他说:“没有!只是在你小屄里放种子,一湿它就发牙。”我以为他只是搞笑。
看錶,勤务时间剩三十分,我们该往警署方向走。走没二步我知道惨了,学长在我小穴里,真有放一个迷你型的超小跳蛋。
就因为它小,我没感觉,可走到闹区,不知它怎自己启动了!或许湿控?或许是定时?
一开始震动不大,只是痒痒的。但在车水马龙的马路上,它带来的快感,也是一种无法言喻的感受。
学长很坏,刻意见人就寒暄,偏偏那跳蛋像种子在发芽,愈湿就震的愈大,搞得脸是一阵红一阵热,感觉下体有东西正慢慢流出来,弄湿内裤和丝袜了。
“学长!它要多久才会停呀?”
“没电就停,抛弃型,用过即丢。”
“喔!”
一个日本男人带着小男孩过来问路时,我的高潮已经快到了,却只能一直强忍着。
男孩看到女警,调皮的说要找姐姐玩,还扯我警裙,拉扯间那跳蛋竟然顺着淫水滑了下来。它滚到男孩脚下,被捡起来,拿去给爸爸看。
日本男人一眼看穿,对我笑,还拿到鼻头,想必在嗅闻我的发情的味道?
学长说我害他损失港币一百元,是日本货,迷你型新产品,续航力一小时呢!
回到警署,写完工作纪录下班后,赶紧回宿舍,想检查,生怕里面还有一个。
脱下珠珠内裤,闻了闻,真的没有了。
放心许多,也觉得该注意,今天催情迷药发作的方式,似乎怪怪的?
照镜子,发现脖子上二侧都有是红色的吻痕,惨了!这草莓痕迹要一个星期才会消失。
明天早上的飞机,要怎办?
如果不想让谷枫知道,这回休假只能穿件套头的衣服,可是谷枫一定会脱光我的呀,怎么办?
臭浩文学长,真是讨厌!
●献身谷枫三个月,还算新婚燕尔。
情欲就如潮水,有大潮、小潮、长潮。
谷枫来香港那星期算大潮;激情过后回婺源算小潮。这一趟休假,是激情过后的小潮水,反而没有什么特别的性事。
晚上,谷枫出去找朋友喝酒,我在阁楼落地窗外,没穿内裤把脚打开,跨在栏杆上玩手机,有短信进来,就点开来看。
浩文:夜深了,还没睡觉,母狗,你在干嘛呢?
我不信母狗教,讨厌这种用语。但谷枫不在,就陪他发情,胡乱吠。
我:刚和老公扑嘢,咗好多次,还爽着呢!
浩文:母狗,他干了你那个洞啊?“我:只要他爱,我那个洞都给玩呀!奶子、小穴是他的最爱。呵!
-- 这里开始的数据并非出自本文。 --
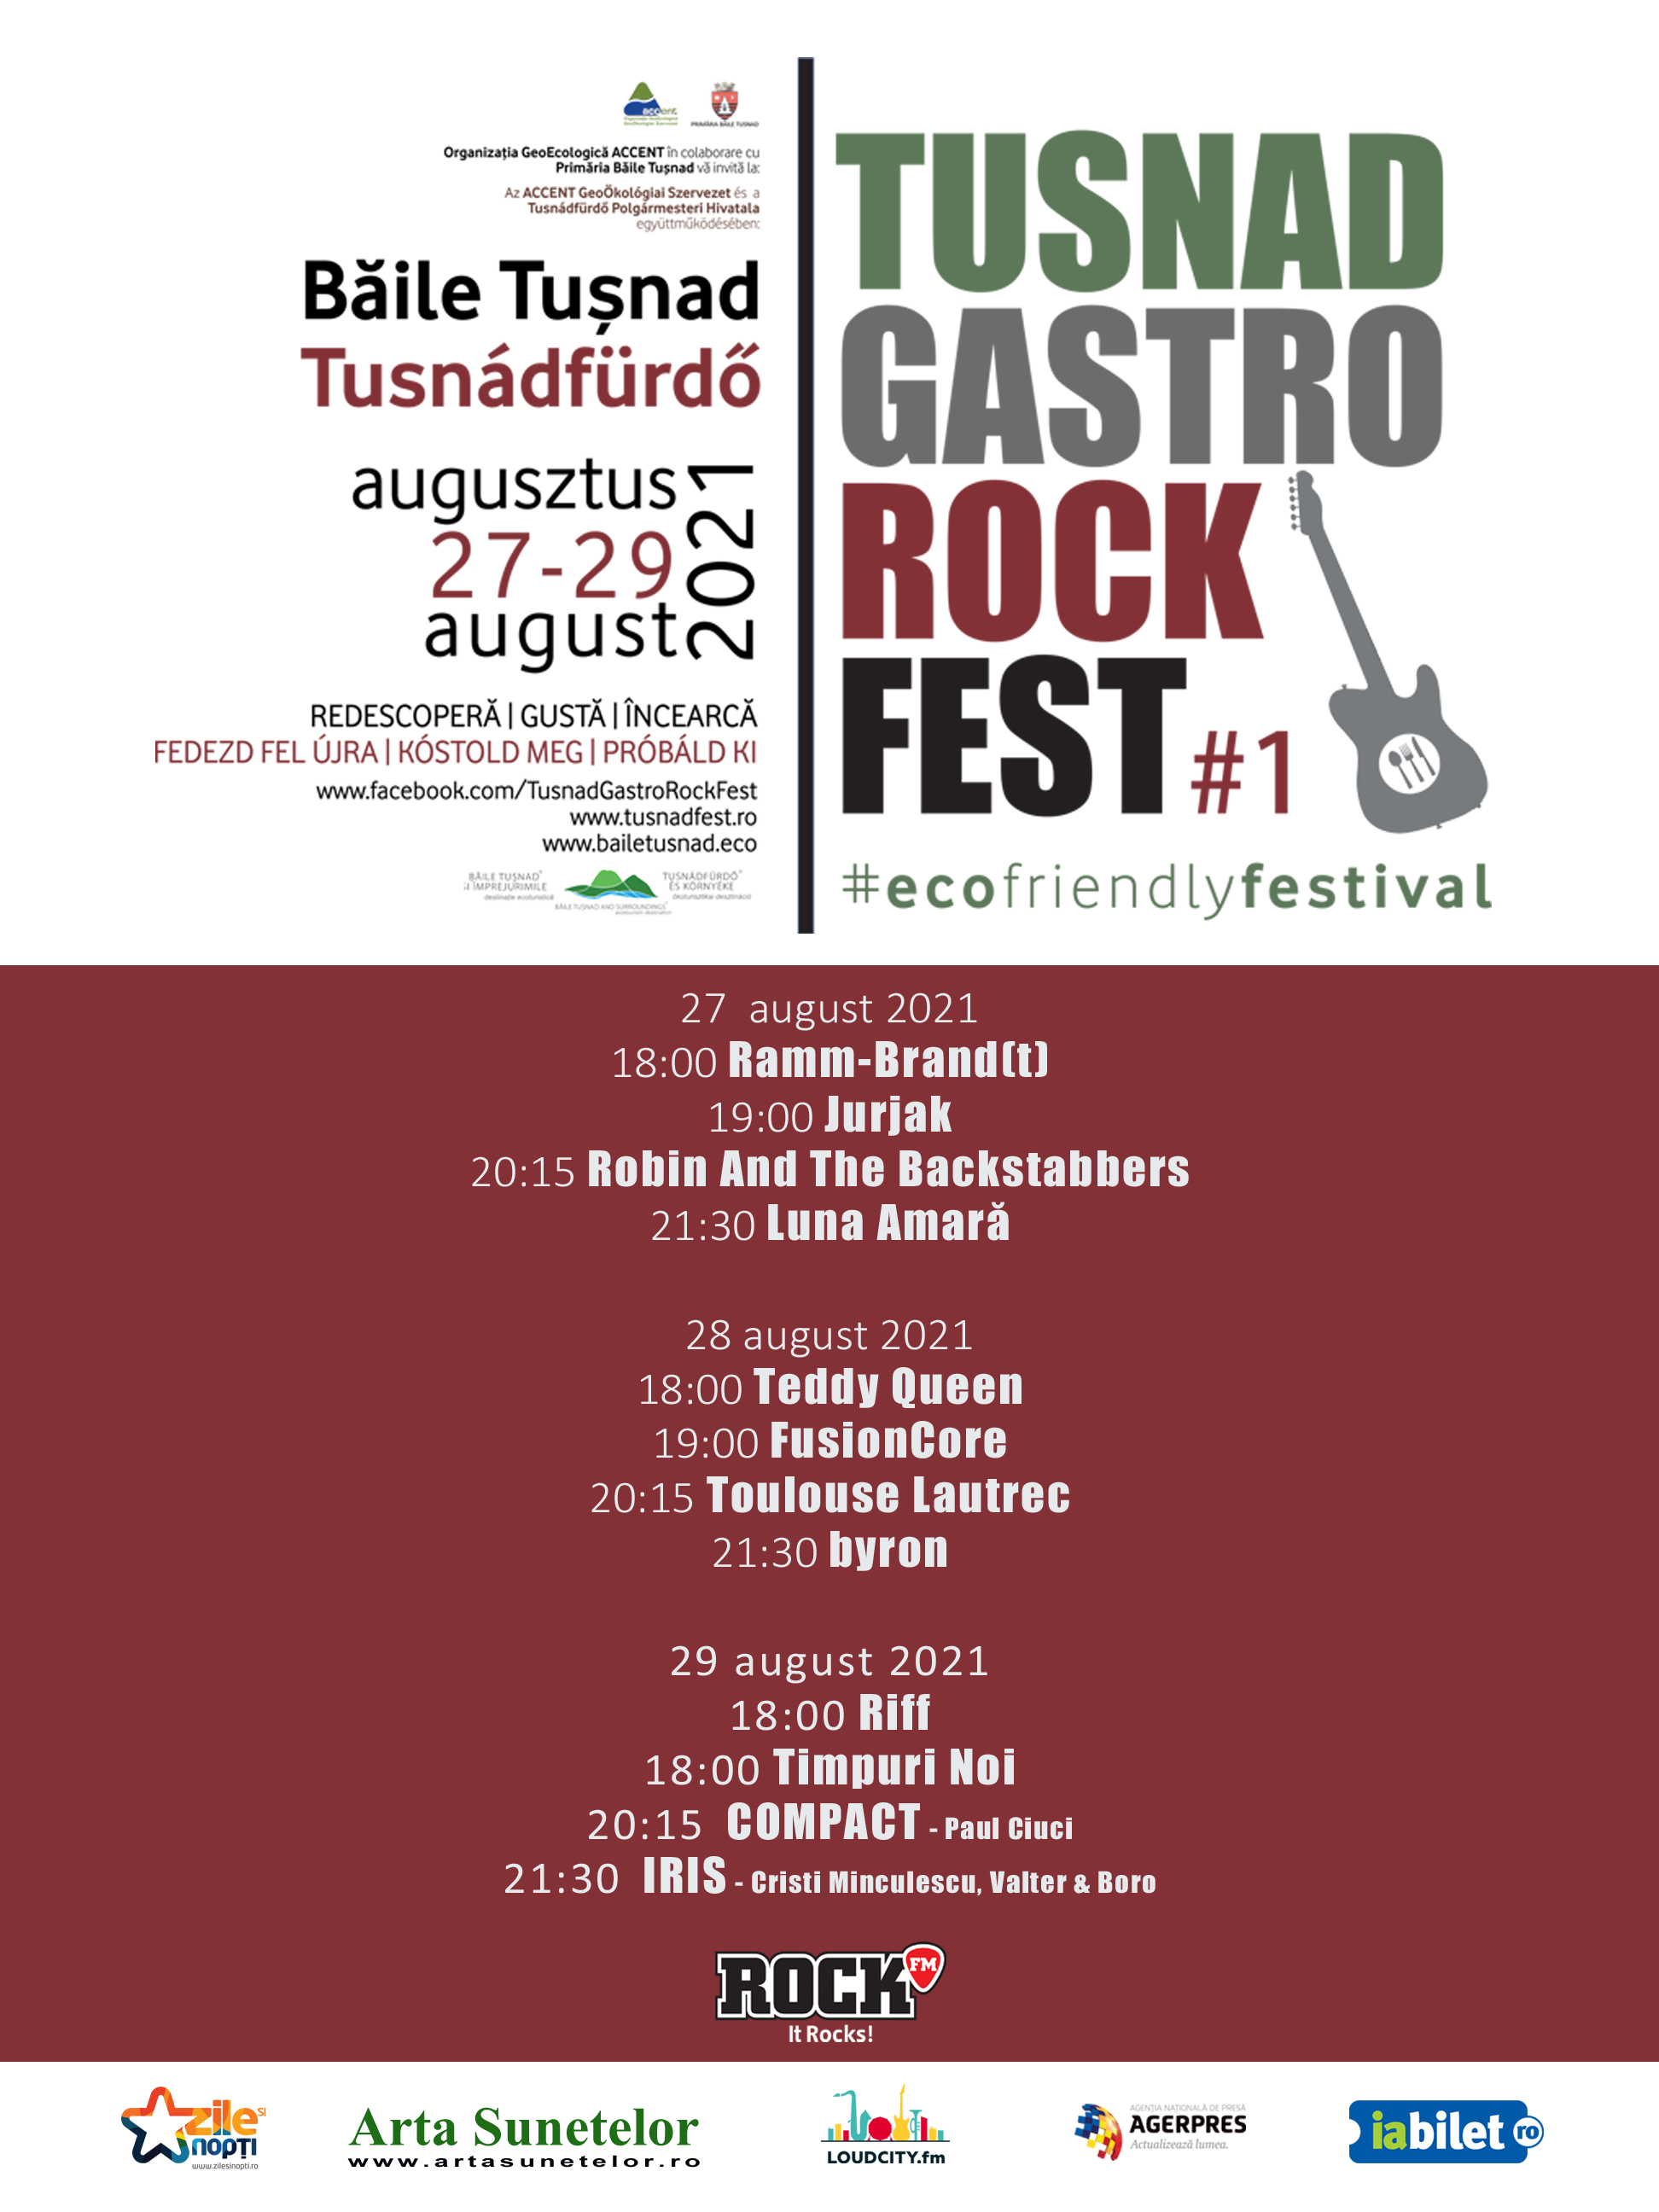 TUSNAD GASTRO ROCK FEST - Contemporary-Establishment

浩文:扑镬甘!骚货,那你现在,还有洞在痒吗?痒就打电话给我。
我:你很闲喔?没事的话…就把肉棒剁下来喂狗啦!
浩文:不!我在等你回来。用大鸡巴扑湿你…欠肏的穴。像这样,搞到你咁分泌…接着他传来一部A片。是黑屌与白女交沟的片子。
唉!
最近浩文很热衷隔空调教,每天都搞得我魂不守舍。动不动就说我是欠肏的母狗,要把我当贱人干。
叹气归叹气,有人慰情聊胜无。
啊~用力扑湿我!!我是淫荡的…啊~扑嘢~干我…干我~~噢噢~~正在兴头上,被忽上阁楼来的谷枫发现我在看A片。少不了被他抓起来教训,心里窃喜希望被他大肏一场…“淫妇…被肏的不够…还看A片。”他抢我手机,惊。超怕他发现我和浩文的对话。
“你喜欢黑人的大屌吗?我明儿找全婺源最粗的屌来肏你!”
被狠插时,我顺着他的话,说:“好啊!最好现在,快找大屌来奸我!我…我要找…要找…““你要找谁呀?我弟说你看他的眼神很淫,要不?我打电话叫他上来。”
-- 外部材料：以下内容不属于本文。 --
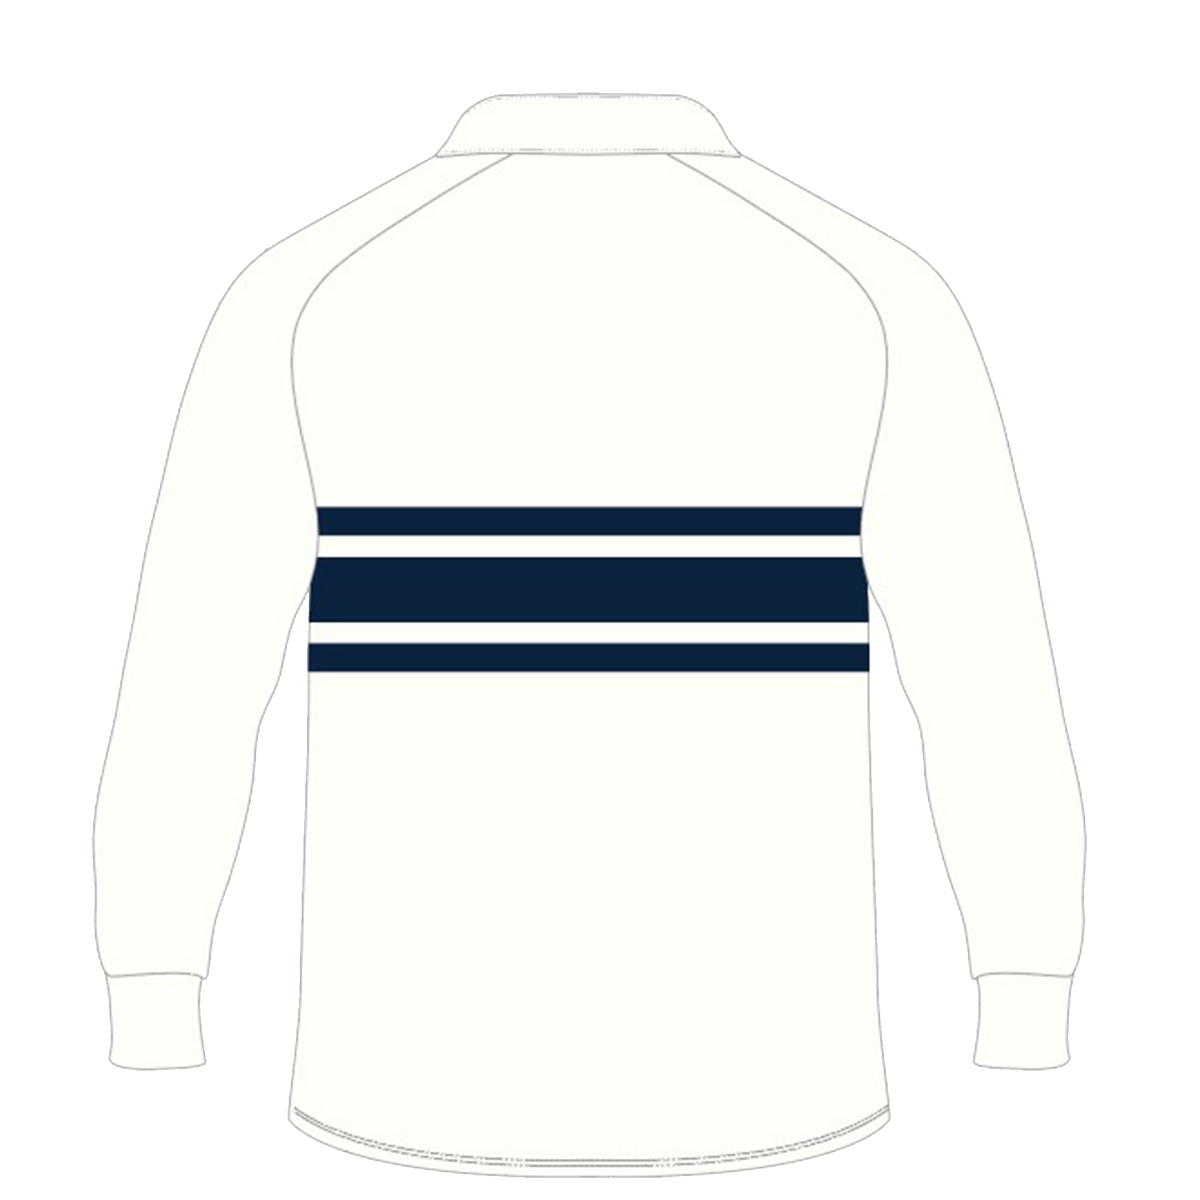 UBOCB Ravens 50th Year Aniversary Canterbury Cotton Rugby Shirt - Adult Unisex Sizing XS-4XL - White/Navy

“才不是勒!”小叔那屌毛,也是小色狗,我没兴趣。我脑子里,竟然想要找浩文。
不想没事,一想到浩文,我竟被肏成母狗,真的胡乱吠。
“啊~用力扑湿我!!淫荡的母狗想扑嘢啊~扑湿我~用力干我…干我~扑湿我~噢噢~~”
原来,我不知不觉中,早被浩文隔空调教成一只母狗了。
“谷枫,香港有很多同事,都很想找我扑嘢.可是啊…啊…枫哥没答应,我是绝对不可能被约炮的…喔喔!你怎肏这么狂?”
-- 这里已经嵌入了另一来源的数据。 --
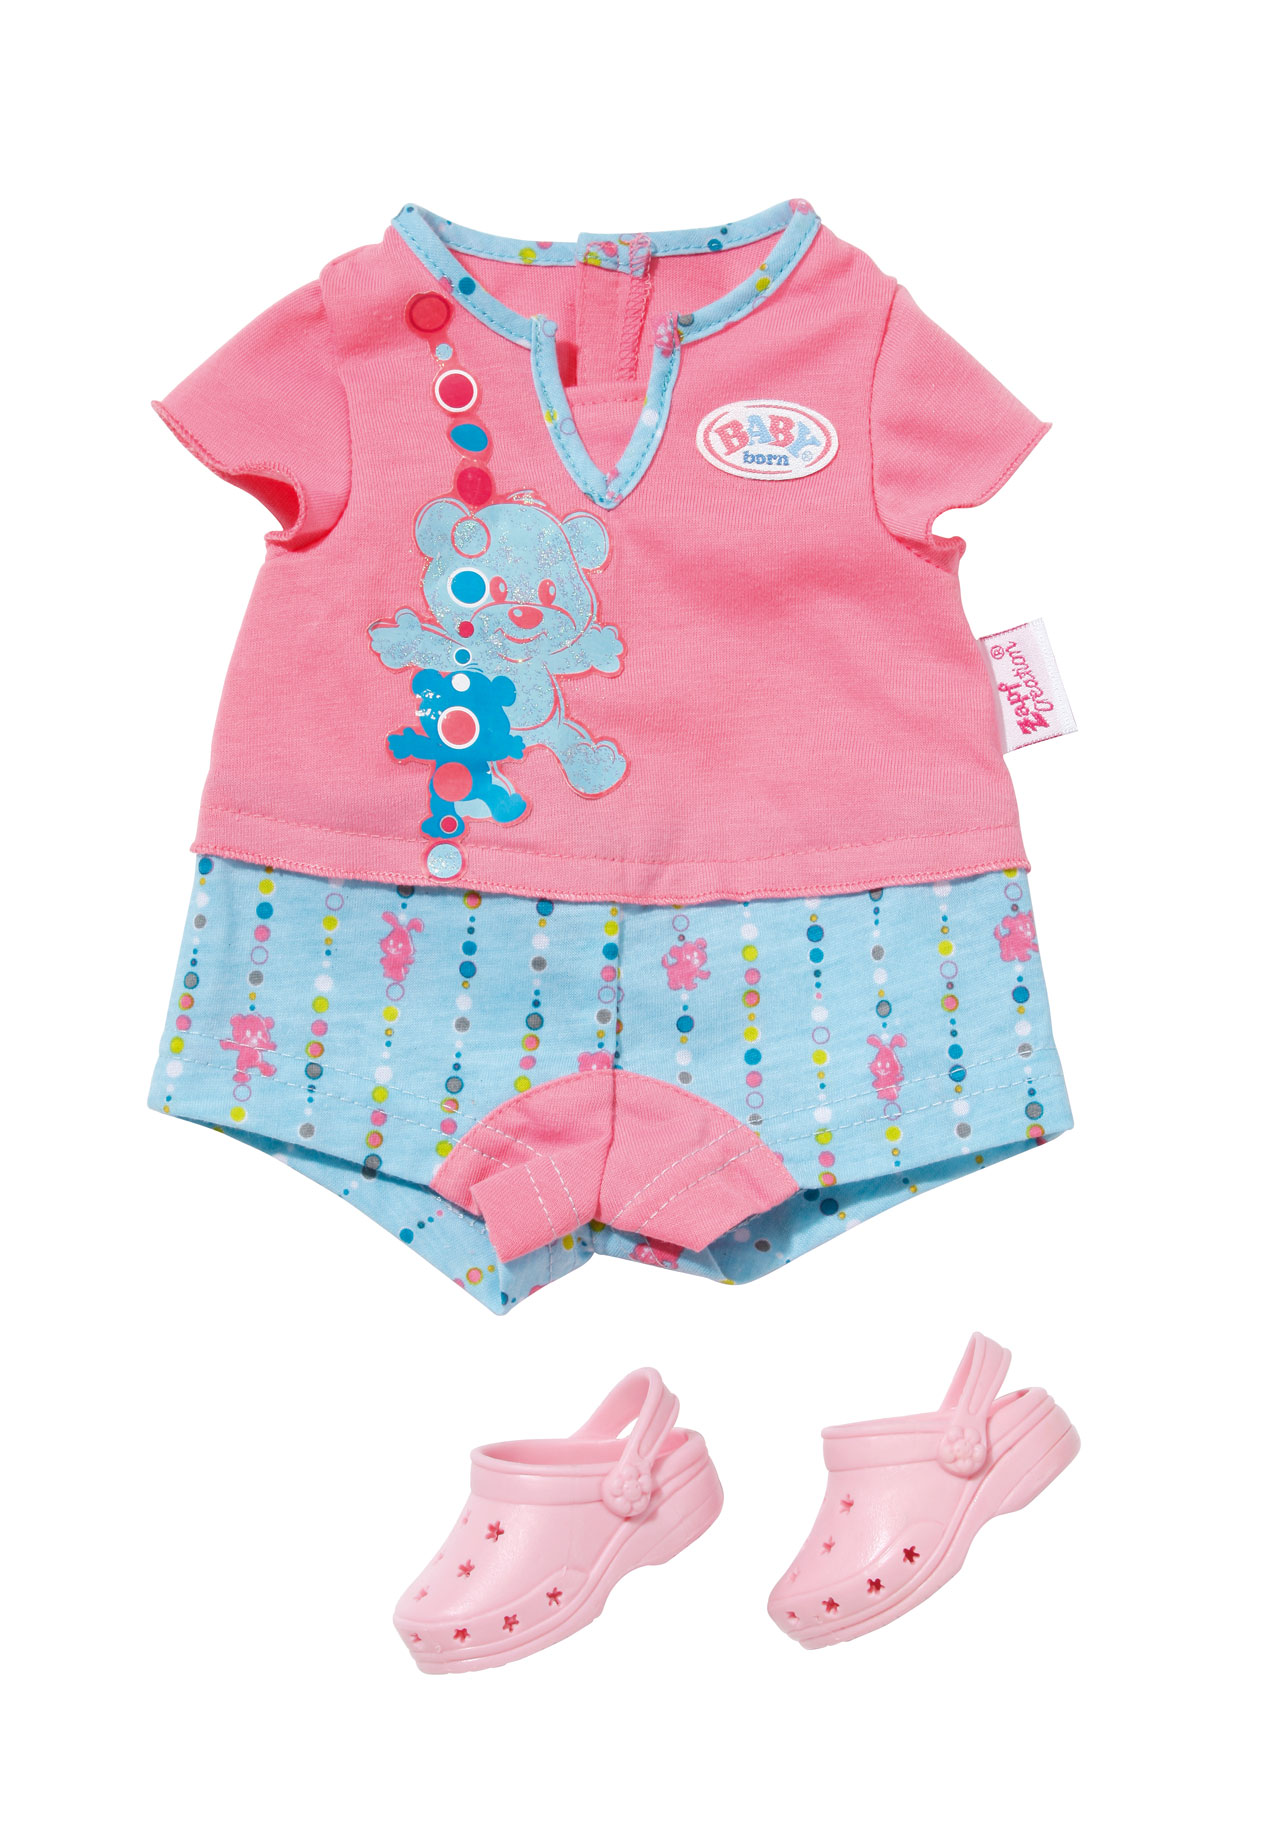 Baby Born Shorty Pyjamas With Shoes | Baby Born | Prima Toys

谷枫用港语回我:“驶唔驶?唔该晒。”(我要不要谢谢他们,把你调教成这么淫荡?)“唔驶喇!你的屌咁大…咁大…嗰度…嗰度…那里,那里…对,干我那里!
扑湿我~干我…“谷枫对我被肏很敏感。一听到香港很多人想找我扑嘢,他整个人就像公狗,扯旗宣示主权,屌超硬的。
那阳具好似一支棍咁,一棍棍咁“扑”落去我的体内深处。
我也像发情的母狗,胡乱吠!
“枫狗!如果你怕失去。快把我这欠干的贱人给绑起来…用狗炼,栓在阁楼上。”
“老婆,今天好靓,你很少用港语淫叫…真他妈的骚…我喜欢。”
“没领证,谁是你老婆?同事都说,我是全警署里最淫荡的母狗呢!”
唉!他又内射了。
谷枫的床上表现,没有什么大进步,持久力维持在五分钟。他看似很满足的抱着了我,久久不放!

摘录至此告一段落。